Per Moro, la Dc era l’asse centrale della politica italiana: «Sento — dice nel 1959 — l’insostituibile funzione del partito come filtro delle esigenze complesse della vita politica, economica e sociale del Paese… la vedo come manifestazione efficace di opinioni, come strumento di educazione e guida del popolo italiano». Secondo lui la democrazia non avrebbe tenuto senza i partiti e la Dc. Non bastava la gestione del potere: occorreva sintonizzarsi con gli sviluppi della società senza avventurismi, ma anche senza paura del futuro. Era preoccupato, negli ultimi anni, che il partito si avvitasse su di sé. Formigoni ricostruisce l’azione di Moro nel partito e al governo.

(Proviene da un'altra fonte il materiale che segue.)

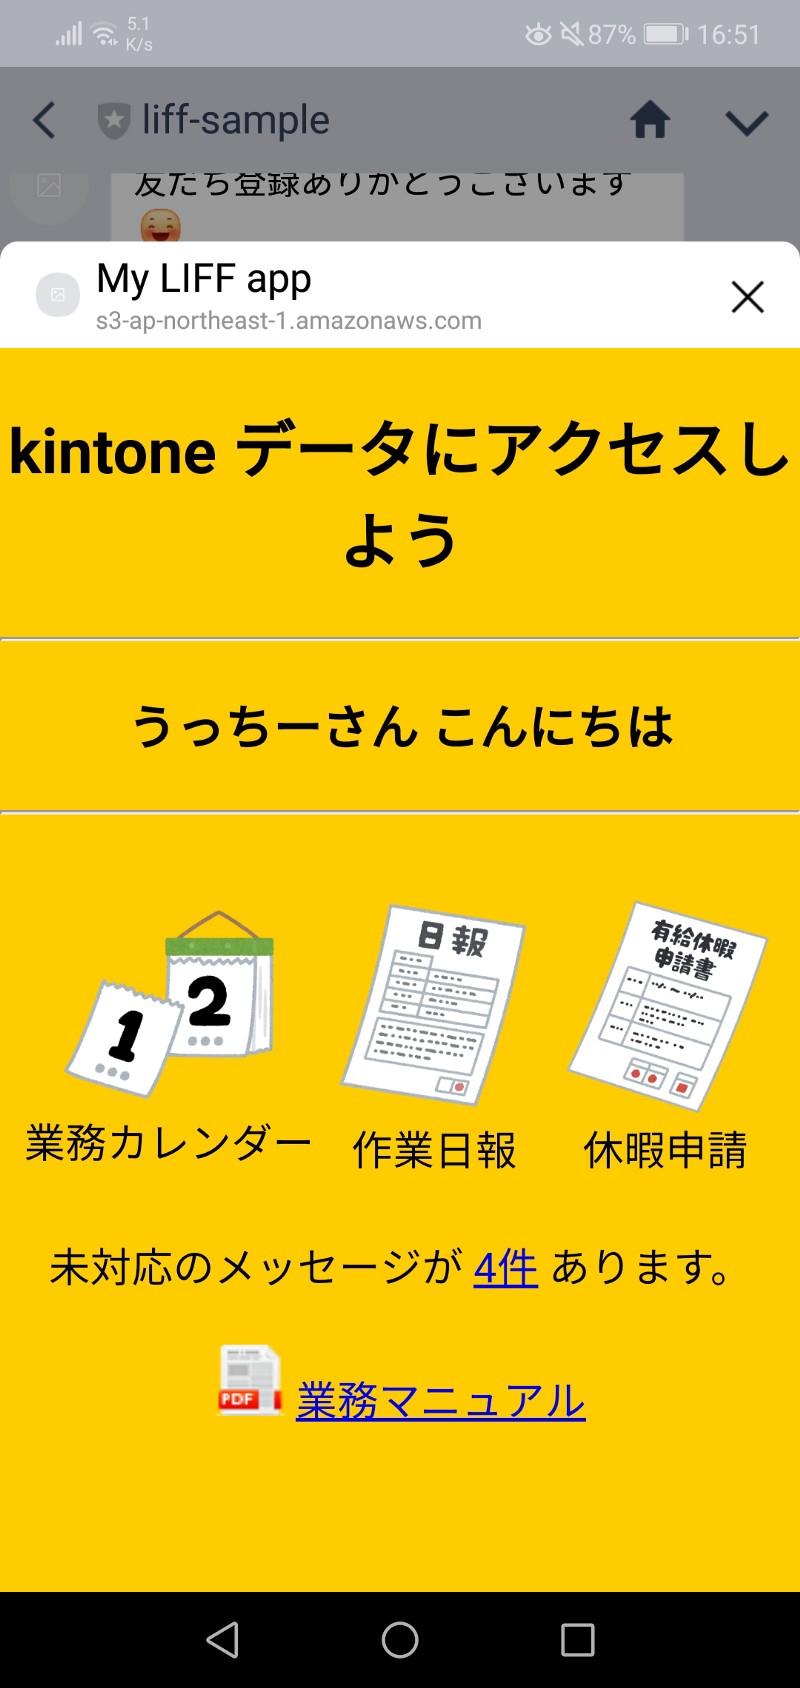 kintone データにアクセスする LIFF アプリ。画像は いらすとやさんからお借りしました。

Disegna quasi un’«anatomia del potere italiano» (per usare l’espressione di Miguel Gotor), ricostruendo le dinamiche della classe dirigente: un gioco complesso, intreccio di fattori politici e personali, in cui si vede un ruolo tutt’altro che grigio del Quirinale di Gronchi, di Segni e di Saragat. Si delineano minacce golpiste, azioni terroristiche, reti oscure, vicende internazionali condizionanti, interventi della Chiesa... Moro si muove, accorto e determinato, facendo sintesi tra spinte differenti. È allo stesso tempo realista e di visione: «La gente pensa che abbiamo un’autorità immensa, che possiamo fare e disfare tutto…», confida a Eugenio Scalfari. E aggiunge: «Il lavoro di sintesi è ancora più faticoso e incerto».

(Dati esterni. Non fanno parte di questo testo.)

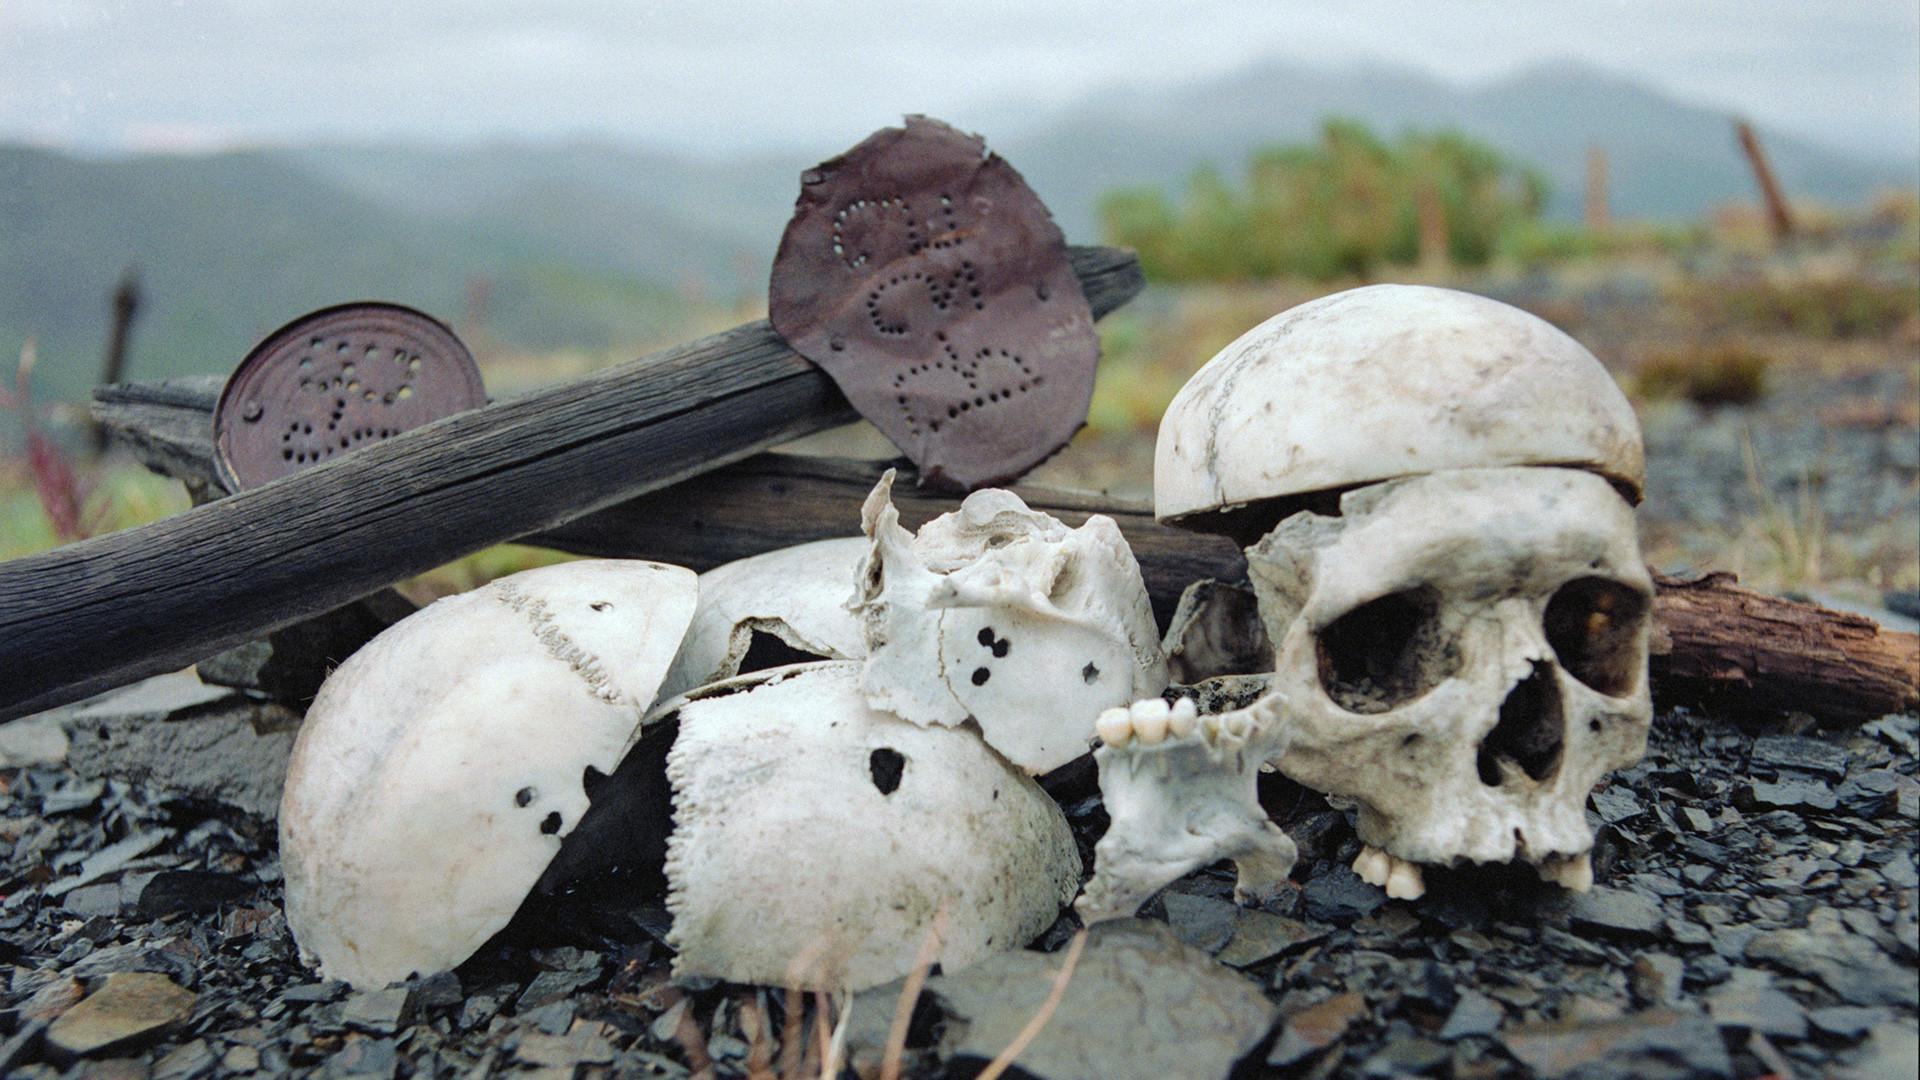 ブツギチャク強制収容所の囚人たちの遺骨

Perché Aldo Moro fu preso dalle Brigate rosse? Si trattava del bersaglio più facile, secondo Francesco Cossiga. Era però anche il cardine e il simbolo del sistema che, tra difficoltà, stava entrando nella «terza fase» della democrazia italiana. Nell’ultimo capitolo della biografia di Formigoni, dedicato ai 55 giorni di prigionia, emerge che «lo Stato italiano non ha fatto nel suo complesso quanto sarebbe stato possibile per salvare Moro con la via maestra dell’efficienza delle forze dell’ordine». La classe dirigente fu attonita, bloccata, quasi incapace di maneggiare le leve del potere a fronte delle Br, violente e inconsistenti politicamente. Mancò una sintesi. Paolo VI, ormai anziano (morì tre mesi dopo) non vi riuscì in quel turbinoso momento. Non era proprio il suo compito, ma non trovò interlocutori politici. Eppure Montini era stato l’artefice della Dc e del consenso cattolico alla democrazia: l’«unico Papa democristiano» — lo definì Emile Poulat. In quel maggio 1978, «un po’ della Democrazia cristiana se n’è andata» — scrisse il prigioniero delle Br. La Dc non fu più la stessa. L’assetto politico si sarebbe consumato negli anni Ottanta. Lo si poteva prolungare un po’, ma una rottura era avvenuta in profondità alla fine degli anni Settanta e sarebbe emersa. Così la Dc e anche il sistema sono implosi. Il vuoto aperto dalla morte di Moro mostra il suo ruolo decisivo negli anni precedenti, più di quanto si credeva.